# Roller? In shelter in mass needs a home



## altgirl35 (Sep 5, 2008)

Saw this poor guy on petfinder
Hopefully someone will adopt him 
http://www.petfinder.com/petdetail/24543915


----------



## minimonkey (Apr 7, 2005)

What a cutie. I hope someone takes him in.


----------



## ThothsWings13 (Jan 24, 2013)

I tried a while ago but never heard back


----------



## altgirl35 (Sep 5, 2008)

You did! Still on pet finder I would try again 
Call them directly


----------



## ThothsWings13 (Jan 24, 2013)

Very true.  but then I'll also need to find him a girlfriend!

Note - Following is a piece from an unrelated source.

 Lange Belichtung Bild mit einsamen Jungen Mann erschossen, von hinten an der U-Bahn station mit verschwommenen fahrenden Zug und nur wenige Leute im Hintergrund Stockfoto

I'll nonetheless try again, just to see what's up.


----------



## Jay3 (May 4, 2008)

How do you know it's a male?
Then too you don't know how people friendly he is. Not sure how friendly the birds you want have to be. Many will tame up somewhat even if they are not very used to people. But some don't.


----------



## ThothsWings13 (Jan 24, 2013)

I'm assuming.  They said "he" in the video clip of him on a different website. I agree also; it's a bit of a "you gotta see how they'll open up or not", but even if he winds up not-taming, he'll still be company. One of the pullets I raised absolutely hated me, would not go near me, stink-eyed me every time I was around and was my fiance's baby, but we understood each other and she gradually decided to be nice on her own time every now and then by letting me pet her for a little before she'd hop back into the enclosure.  you just never know.


----------



## altgirl35 (Sep 5, 2008)

I have no idea if he's a boy or girl


----------



## Jay3 (May 4, 2008)

ThothsWings13 just posted in another thread that Toast just got adopted, today I believe.


----------



## altgirl35 (Sep 5, 2008)

Yay!!! Woo hoo


----------



## ThothsWings13 (Jan 24, 2013)

^ ^ So Happeh


----------